The journey to the abandoned mining town of Tungsten at the headwaters of the Flat River, and to the Flat Lakes just north, the headwaters of the Little Nahanni, leads to a tour of the ruins and a history of the Lakes. That history starts in the 1930s with the arrival of George Dalziel, the 'flying trapper,' who was in the business of dropping his 'assistants' into prime martin-trapping areas. The stories of these trappers, the Cormack brothers and Nazar Zenchuk, after whom a feeder creek of the Flat Lakes is named, link to the stories of other trappers along the South Nahanni, the Flat, and Glacier Lake near the Cirque of the Unclimbables.
Raymond Patterson was the first to make these men famous.
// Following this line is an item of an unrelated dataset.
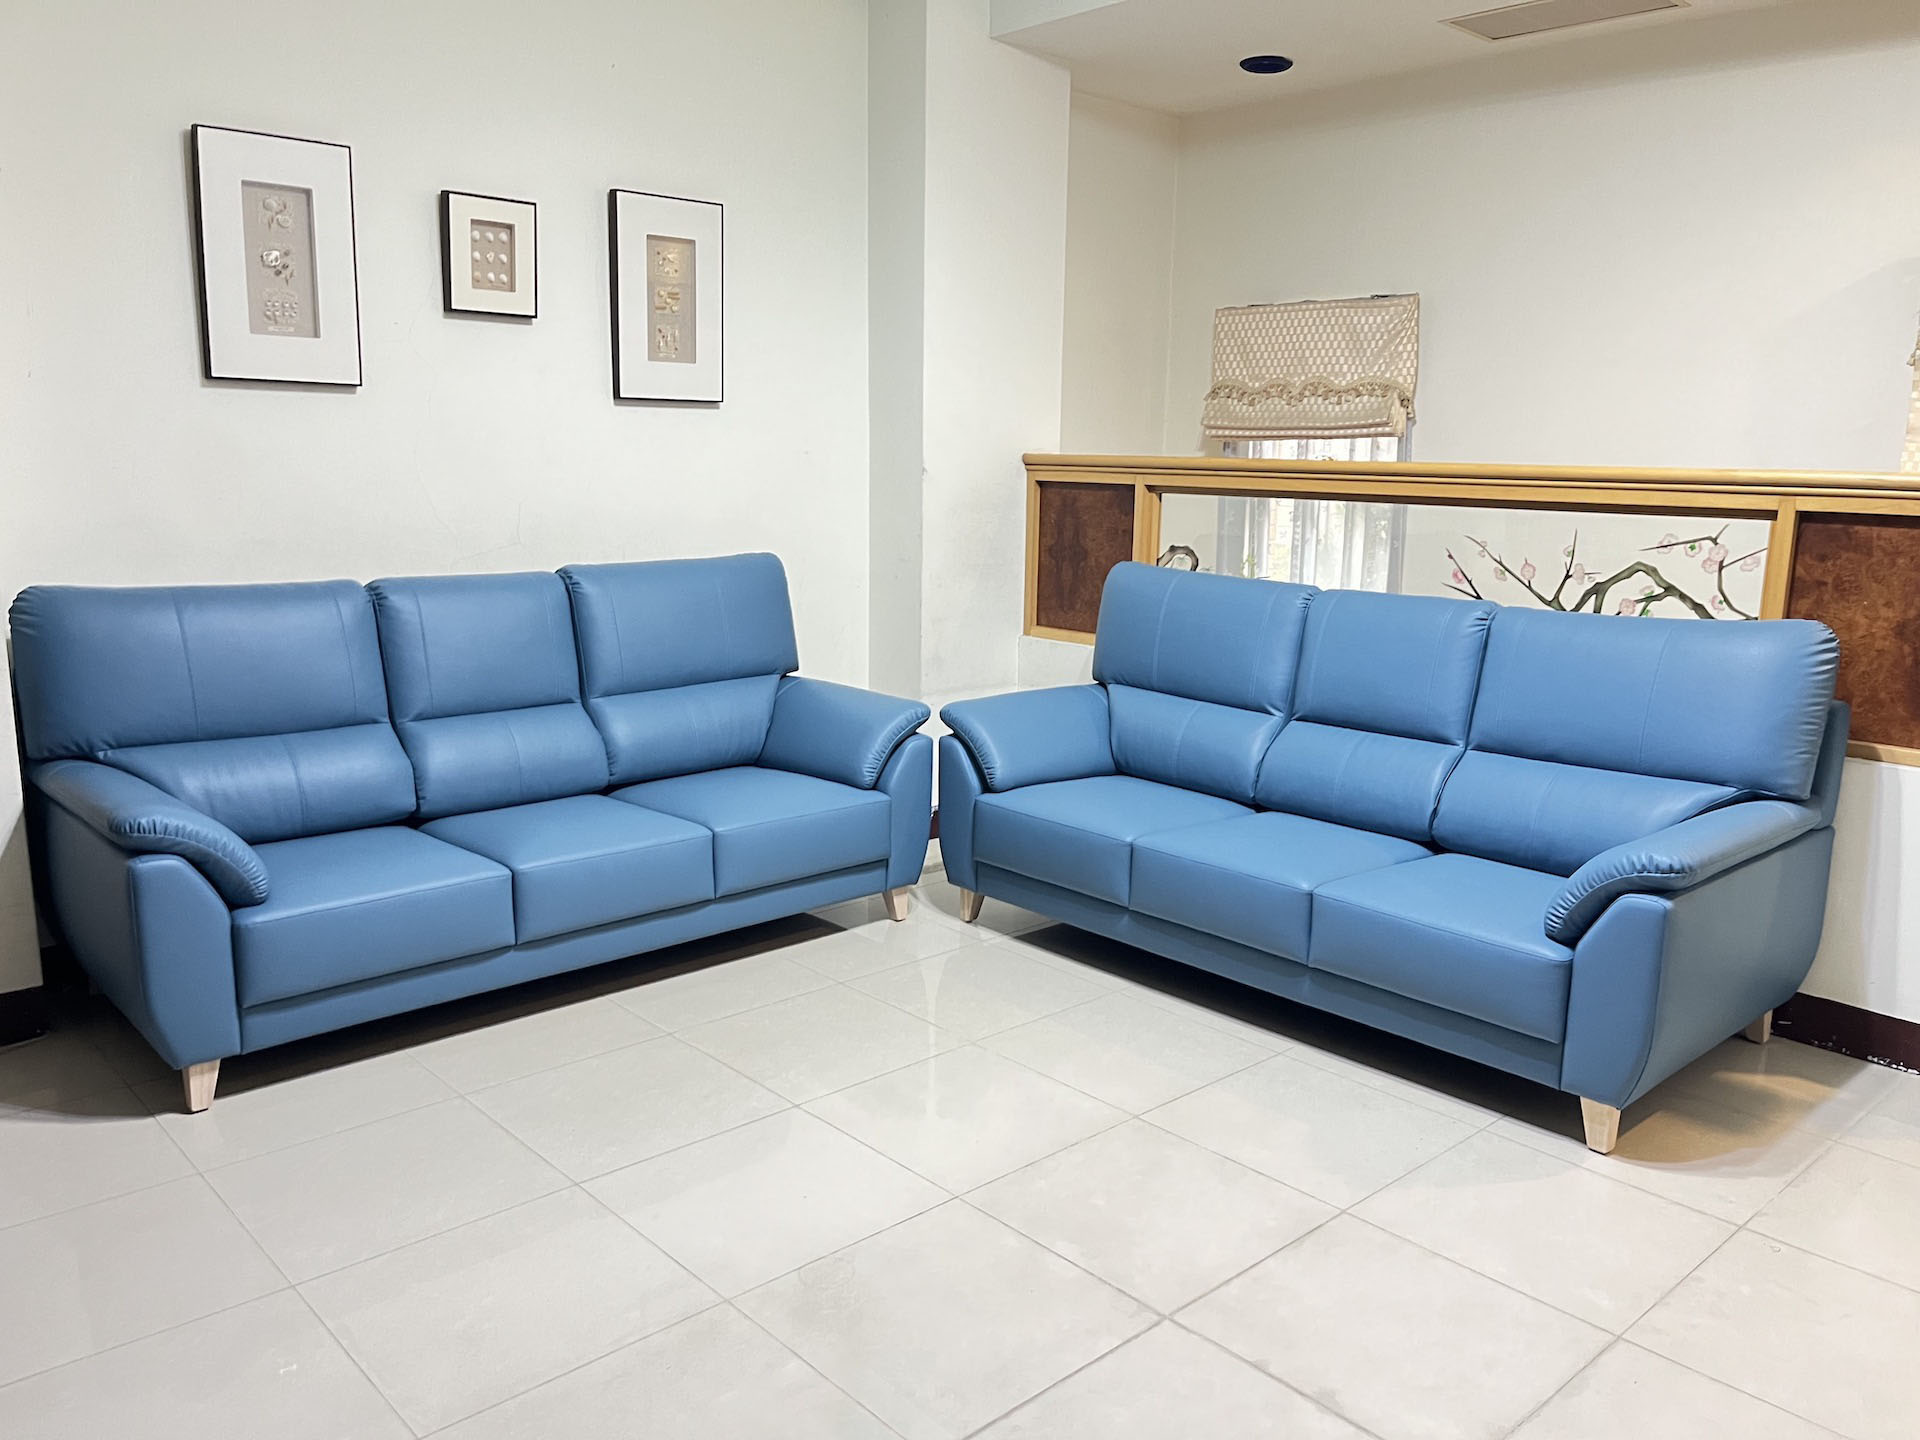 【客戶案例分享】台中太平兩座三人座沙發訂製分享
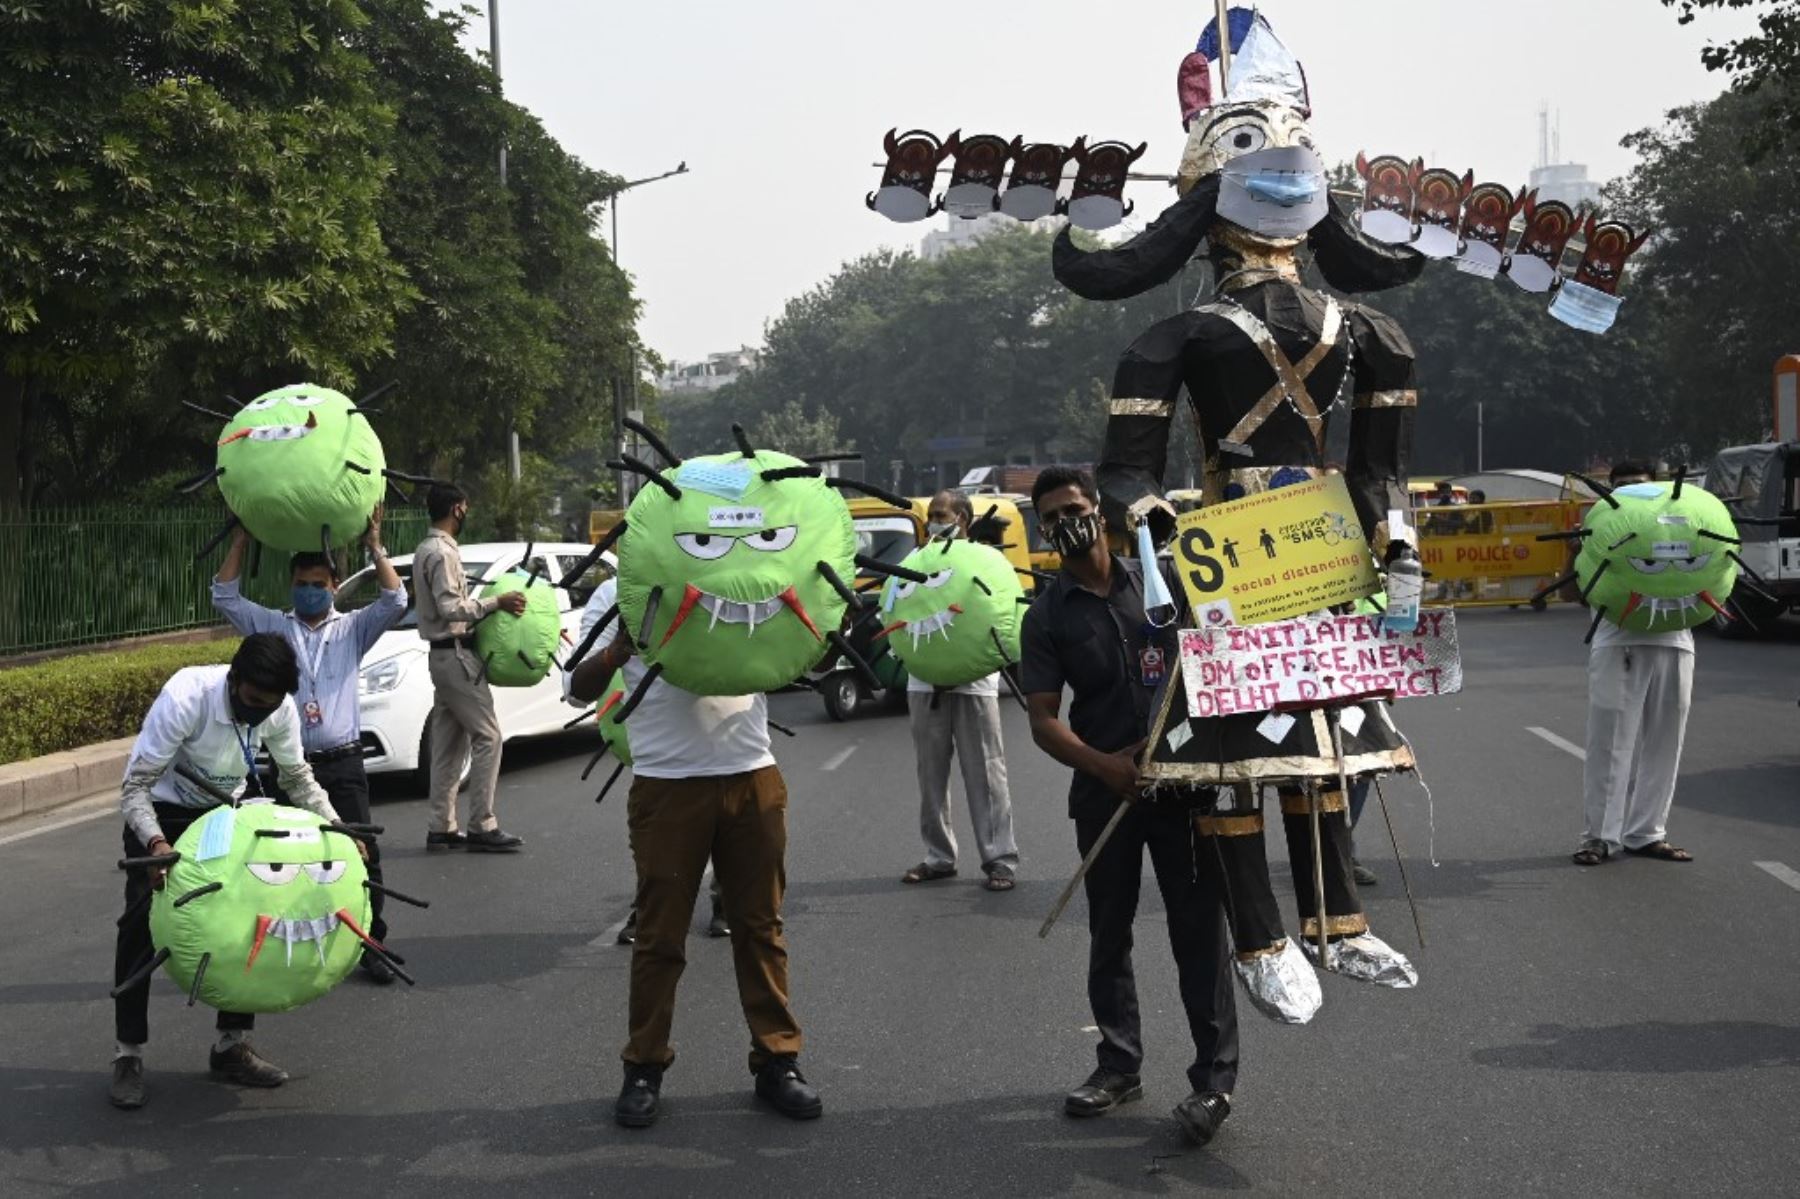 Oficiales de la oficina del magistrado de distrito sostienen mascotas con temática del coronavirus  y una efigie del demonio hindú Rey Ravana,  en una carretera durante una campaña de concientización contra el covid-19. Foto:AFP

The RCMP helped too, with their accounts of looking for men who disappeared, some of them Dalziel's employees or customers.
This leads to journeys and research to the north, to the abandoned mining sites of Howard's Pass, Lened Creek and Union Carbide, all of which Lougheed passes through in numerous, Quixotic, attempts to walk to the shores of the South Nahanni.
Finally, success A trek to the Cirque of the Unclimbables and Glacier Lake, and stories of the scientists and climbers who explored those important destinations in the newly expanded Nahanni National Park.